=== SOURCE MATERIAL ===
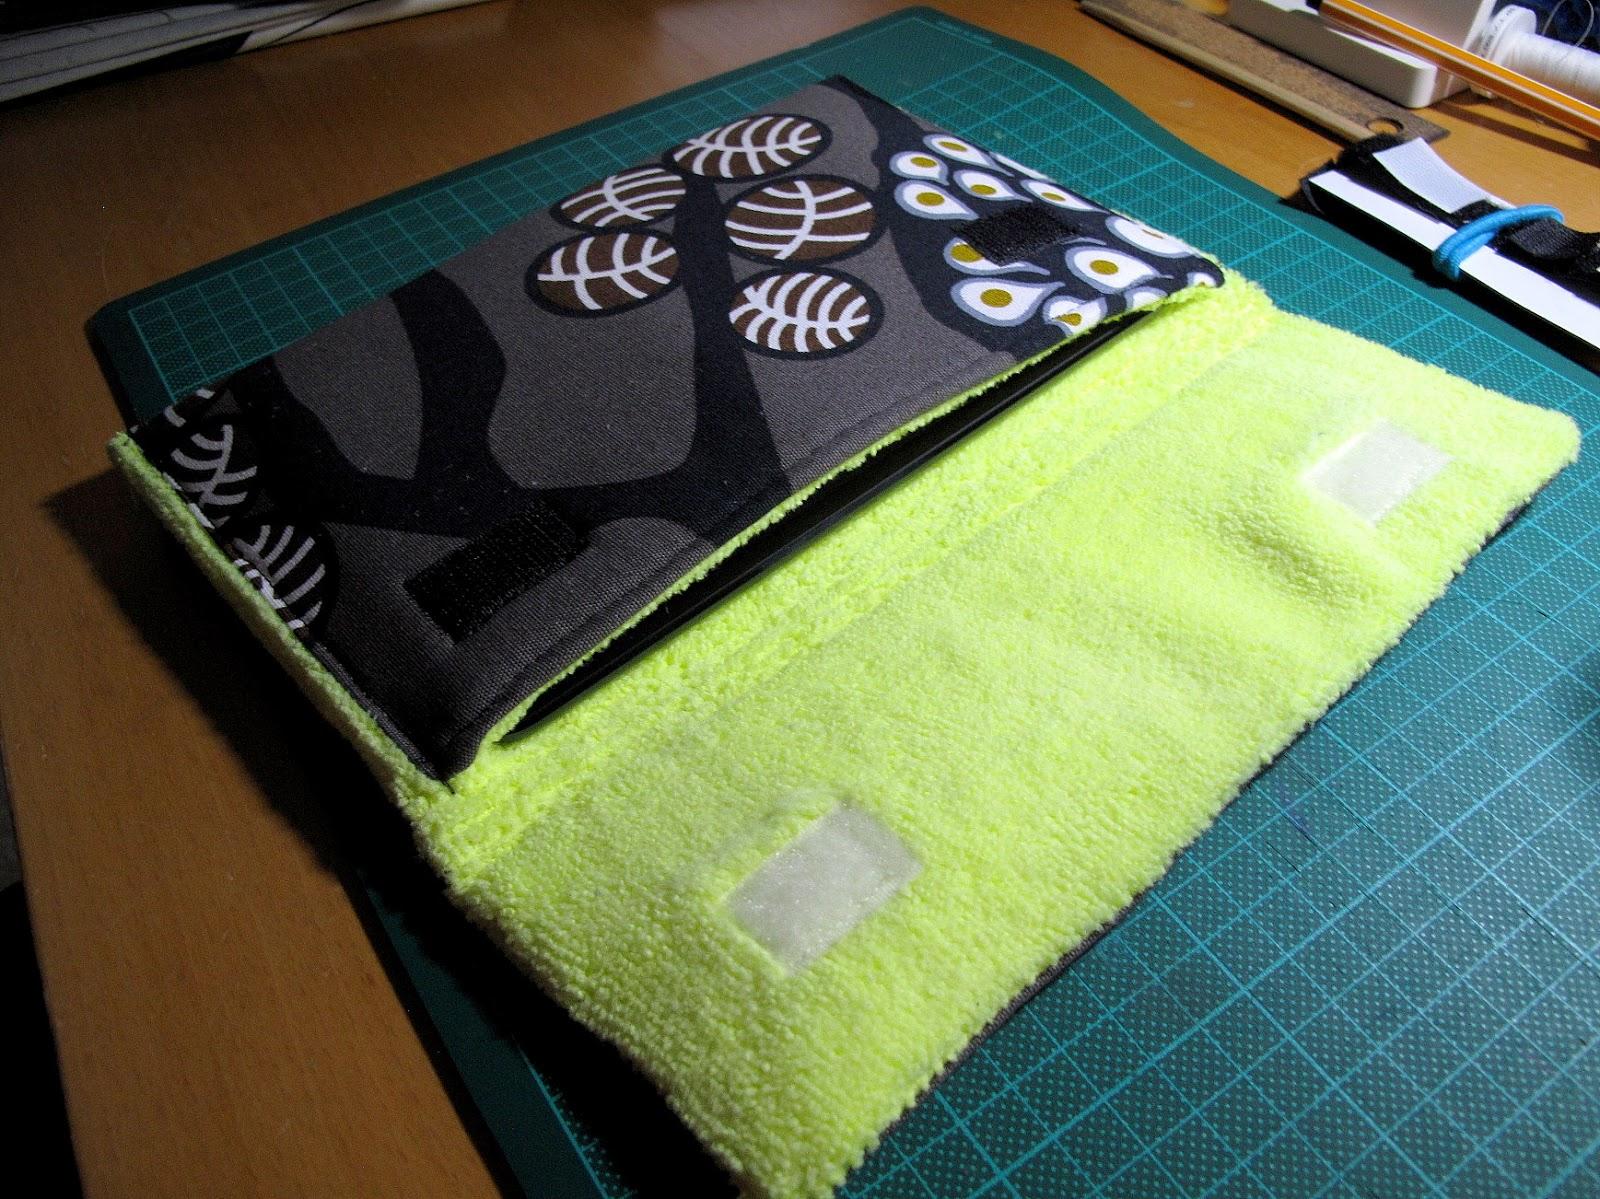 couture la maison sewing at home pochette pour ipad. Black Bedroom Furniture Sets. Home Design Ideas
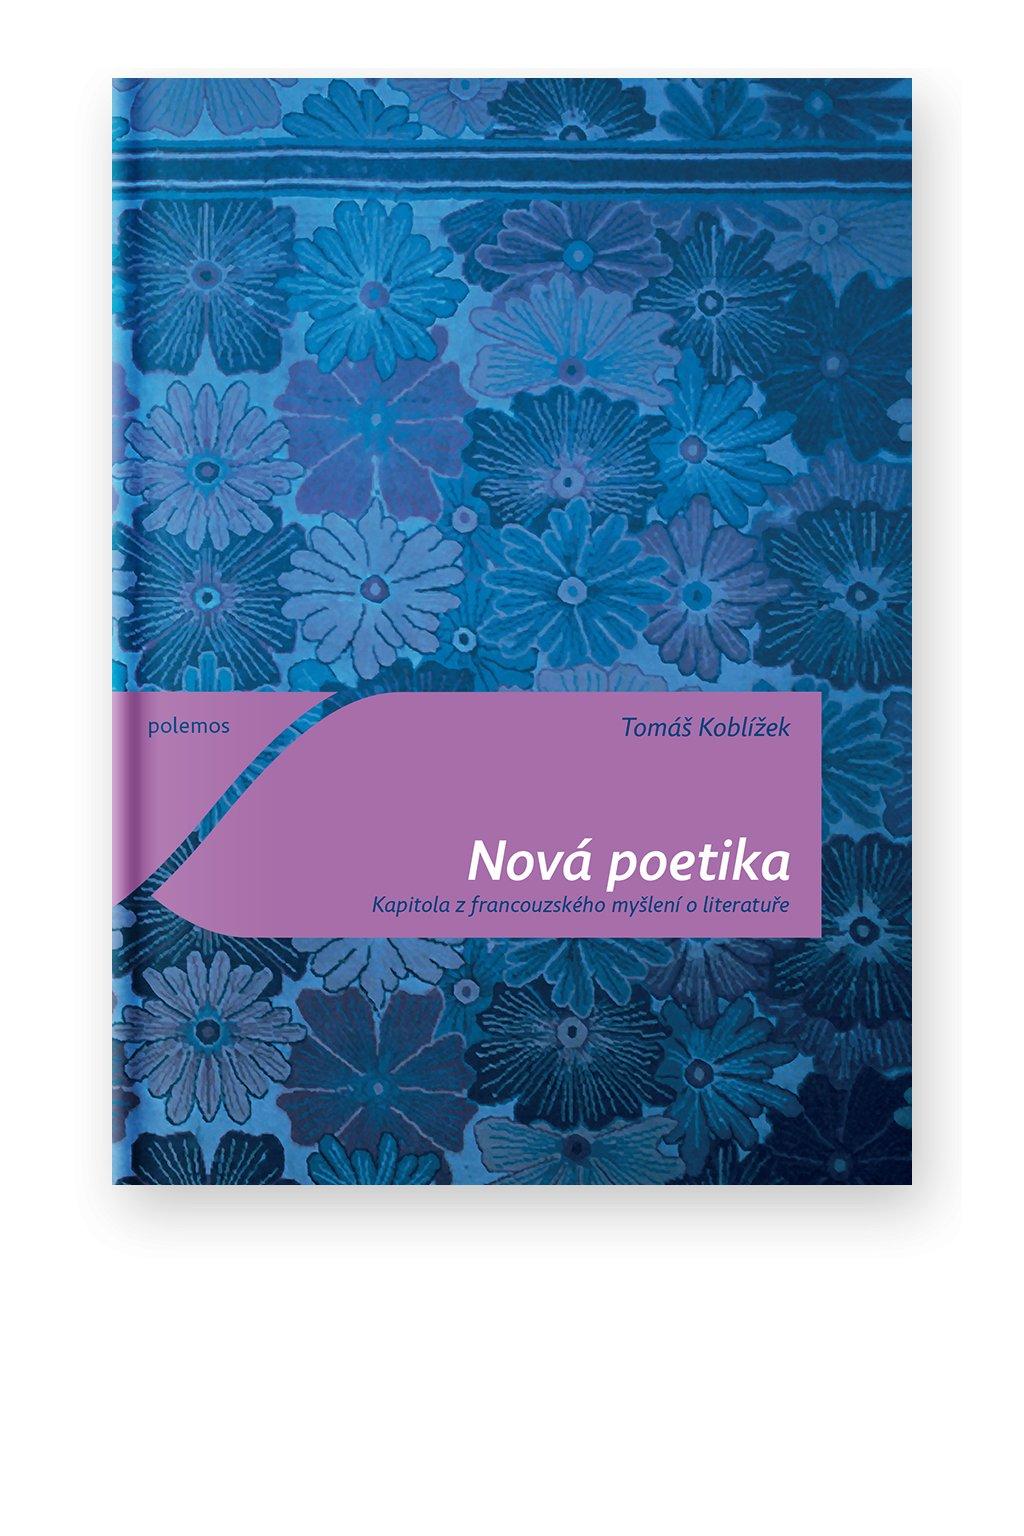 885 nova poetika
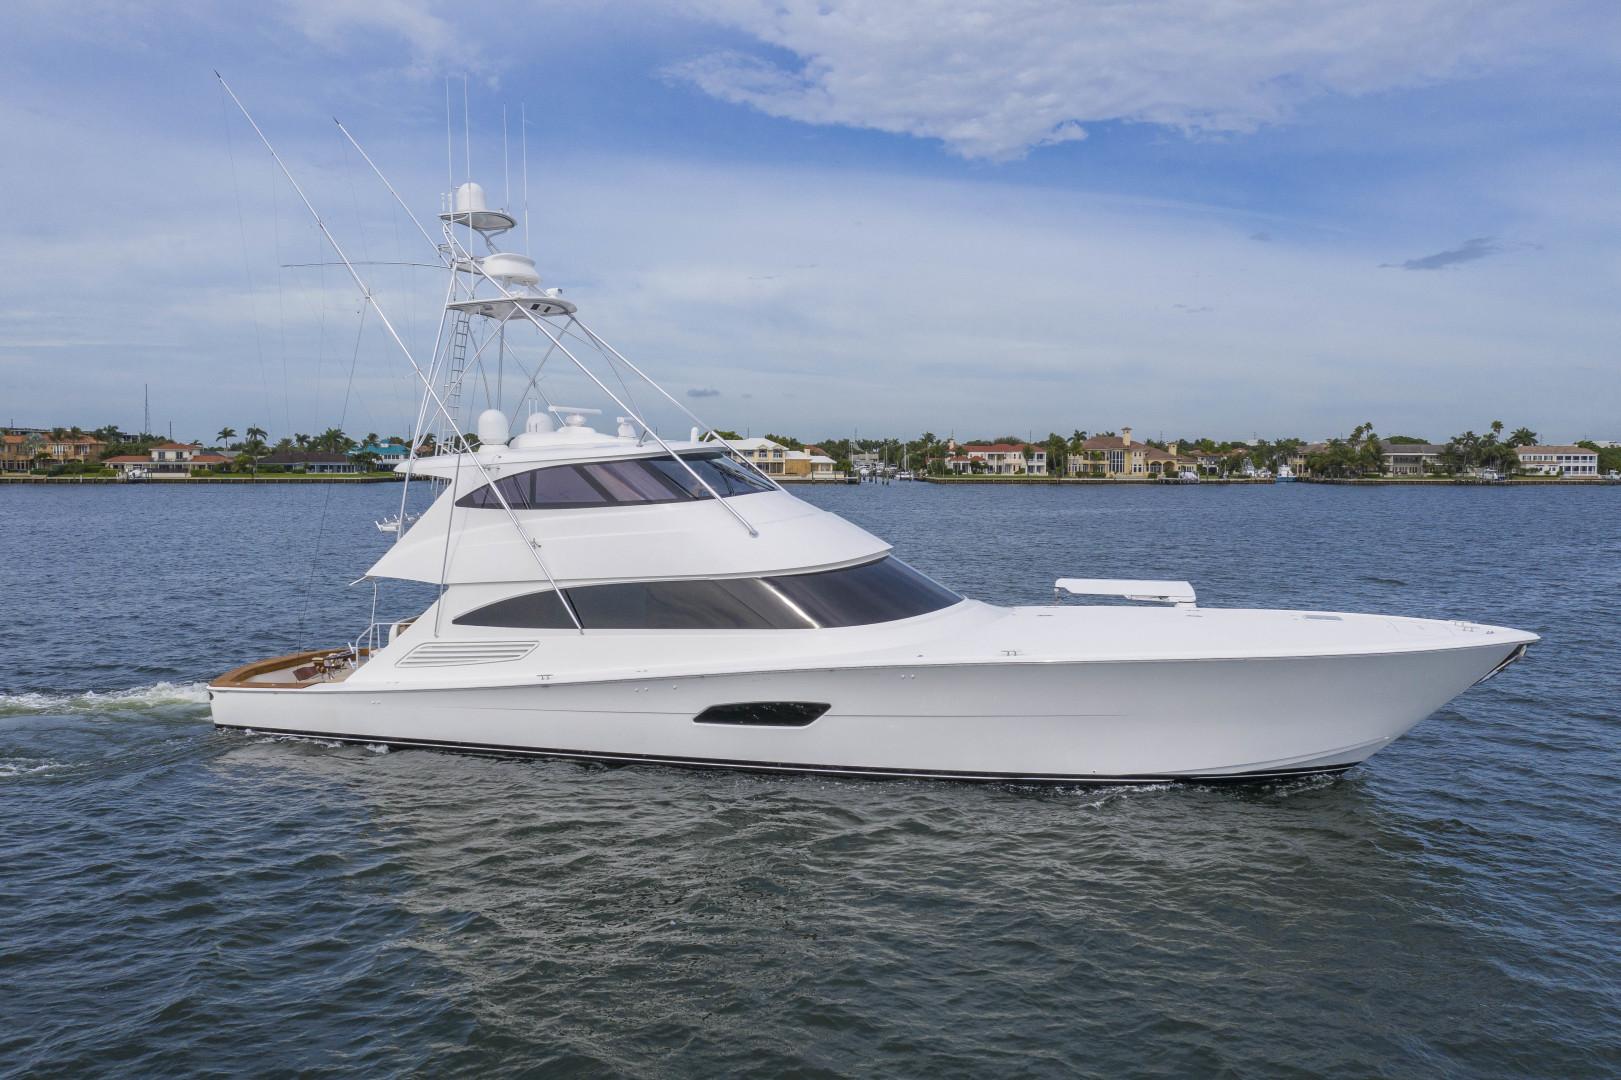 92' Viking 2016 Enclosed Bridge Sportfish Bella Dona Di

=== EXERCISE ===
What you write should match, word for word, the lines from the one containing "885 nova poetika" to the end of the listing, with both ends kept and the pictures left out.

=== ANSWER SECTION ===
 885 nova poetika
 92' Viking 2016 Enclosed Bridge Sportfish Bella Dona Di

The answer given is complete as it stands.